Эксперименты имеют жизненно важное значение, ибо любой вид деятельности предполагает наличие целого комплекса природных качеств. Концертирующий пианист должен обладать превосходным слухом, музыкальной памятью, чувством ритма, но также и физической выносливостью. Да и во многих других сферах — будь то менеджмент или военное дело, наука или политика — всегда можно определить набор основных необходимых качеств и навыков. Шахматы — не исключение. Чтобы стать выдающимся шахматистом, надо добиться гармоничного сочетания развитого основного таланта с целым комплексом приобретенных навыков и знаний. Среди самых важных природных качеств — память и воображение.

Память и талант

О памяти часто говорят как о качестве, которым человек обладает или не обладает, словно это высокий рост или голубые глаза. Ее даже пытаются классифицировать, утверждая, к примеру, что у кого-то хорошая память на лица, но плохая — на имена. Существуют и устоявшиеся стереотипы — скажем, образ рассеянного профессора, который помнит наизусть «Евгения Онегина», но вечно забывает, где он оставил свой портфель.

Известно, что отдаленные и близкие по времени воспоминания мозг хранит в разных «ячейках». Встречаются люди с фотографической памятью, способные с ходу, без усилий запоминать целые телефонные справочники. Многие полагают, что таким даром должны обладать и лучшие шахматисты, но это далеко не так.

Можно согласиться с тем, что выдающийся шахматист должен иметь хорошую память, но куда труднее выяснить, что именно он должен помнить. Рисунок игры? Варианты? Мысленные образы позиций на доске? Верный ответ — «всё из вышеперечисленного» одновременно и разочаровывает психологов, и разжигает их любопытство.

Издавна людей поражало умение играть в шахматы «вслепую». Когда в 1783 году Филидор дал трем соперникам сеанс одновременной игры, не глядя на доску, его провозгласили несравненным гением! Одна из газет назвала его достижение «феноменом в истории человечества, который будет причислен к лучшим образцам человеческой памяти до тех пор, пока не изгладится сама память».

Через 4 года, вскоре после Второй мировой войны польский гроссмейстер Мигель Найдорф, вынужденно оставшийся в Аргентине, нашел весьма оригинальный способ сообщить своим родственникам в Польше, что он жив: провел грандиозный сеанс одновременной игры вслепую на 45 досках. То есть ему приходилось следить в уме за расположением и передвижением 1440 фигур! Сеанс продолжался так долго, что некоторые изнуренные соперники Найдорфа уступали место другим игрокам. Почти сутки спустя гроссмейстер завершил сеанс, одержав 39 побед при четырех ничьих и лишь двух поражениях.

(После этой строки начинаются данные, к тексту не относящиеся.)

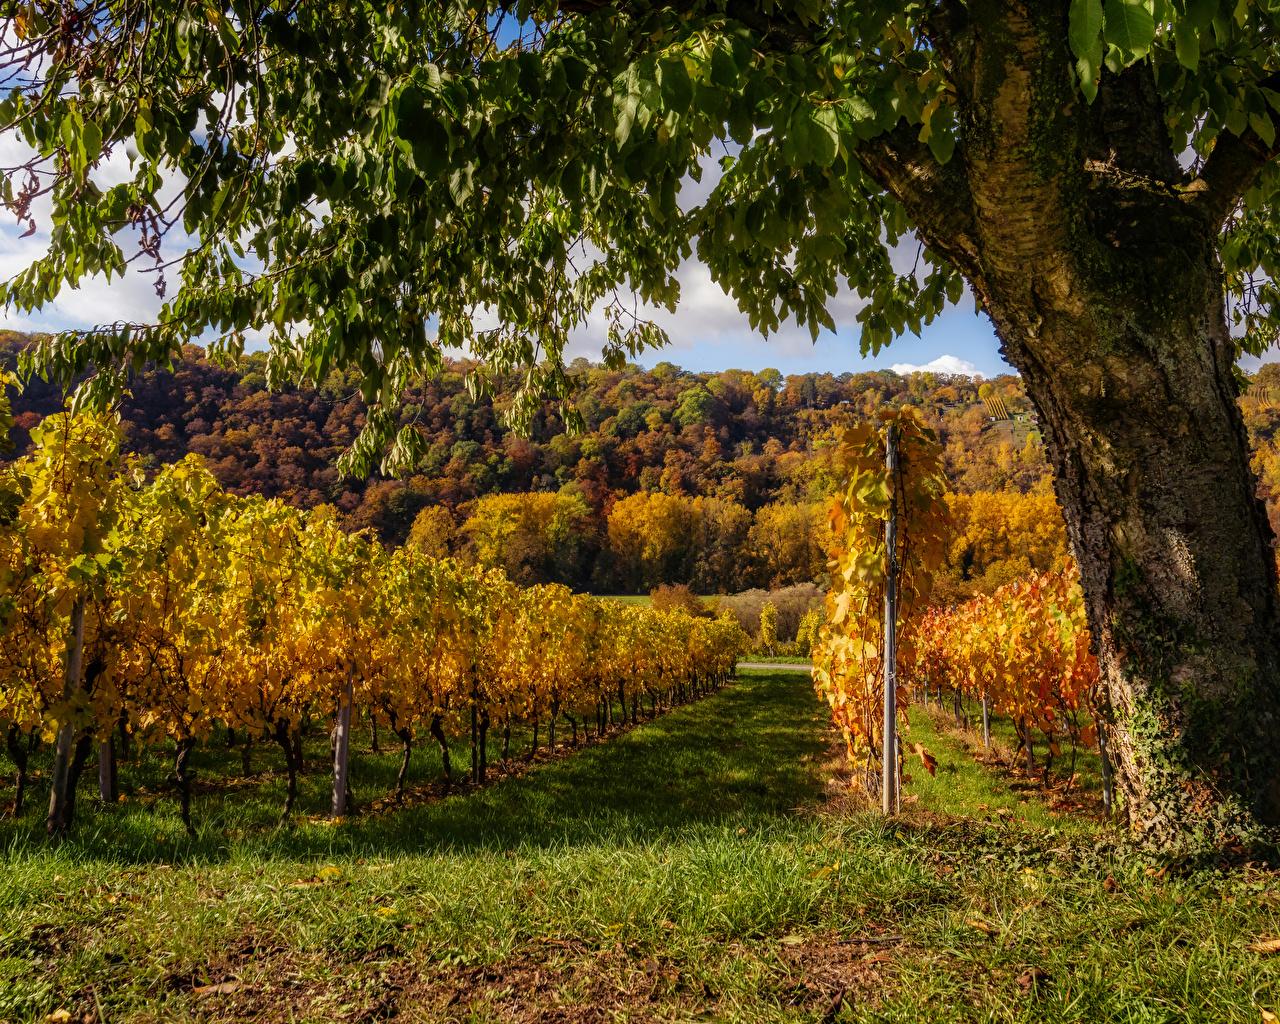 Desktop Wallpapers Germany Baden-Wuerttemberg Vineyard Autumn Nature Grass Bush Trees Shrubs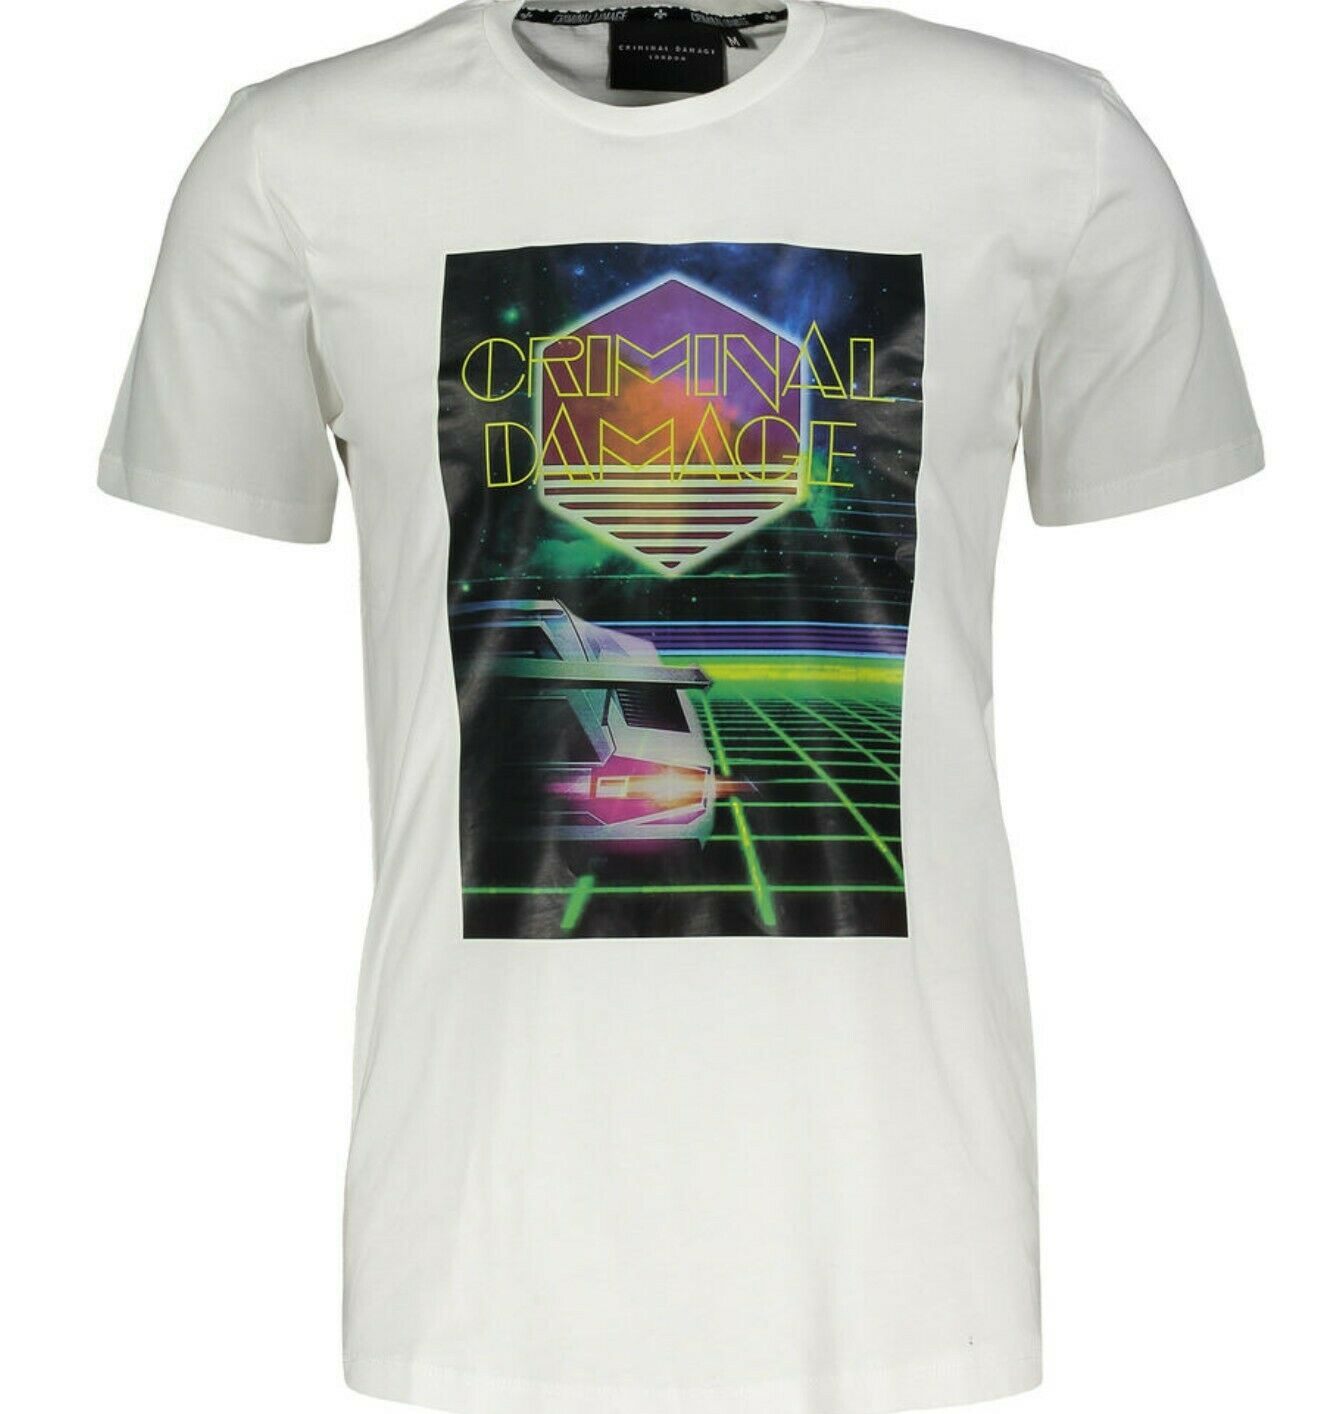 CRIMINAL DAMAGE Men's Speed Digital Graphic Print T-shirt

Может быть, Найдорф обладал врожденной фотографической памятью? Ничего подобного! У него была замечательная «шахматная память» — способность удерживать в голове схемы игры и передвижения фигур на 64 клетках доски, необходимая шахматисту, независимо от того, играет ли он глядя или не глядя на доску. Способность запоминать главные варианты и видеть вперед делает наши расчеты быстрыми и точными. Это означает, что нам не приходится заново просчитывать с нуля каждую позицию: чтобы увидеть ее мысленно, достаточно помнить ведущий к ней вариант.

К тому же гроссмейстер хранит в своей памяти тысячи схем и фрагментов шахматной информации — и постоянно пополняет этот запас с помощью игровой практики (правда, тот факт, что он может вспомнить множество партий и позиций, вовсе не означает, что ему легче вспоминать имена, даты и т.п.). Адриан де Грот изящно проиллюстрировал эту грань «шахматной памяти» в своем исследовании 1944 года. В надежде раскрыть секреты больших шахмат он протестировал игроков всех уровней, от бывших чемпионов до начинающих, предложив им запомнить ряд позиций из реальных партий и затем подсчитав, с какой точностью они воспроизводят эти позиции по памяти. У гроссмейстеров совпадение достигало 92%, у мастеров — 72%, а у посредственных игроков — только 51%.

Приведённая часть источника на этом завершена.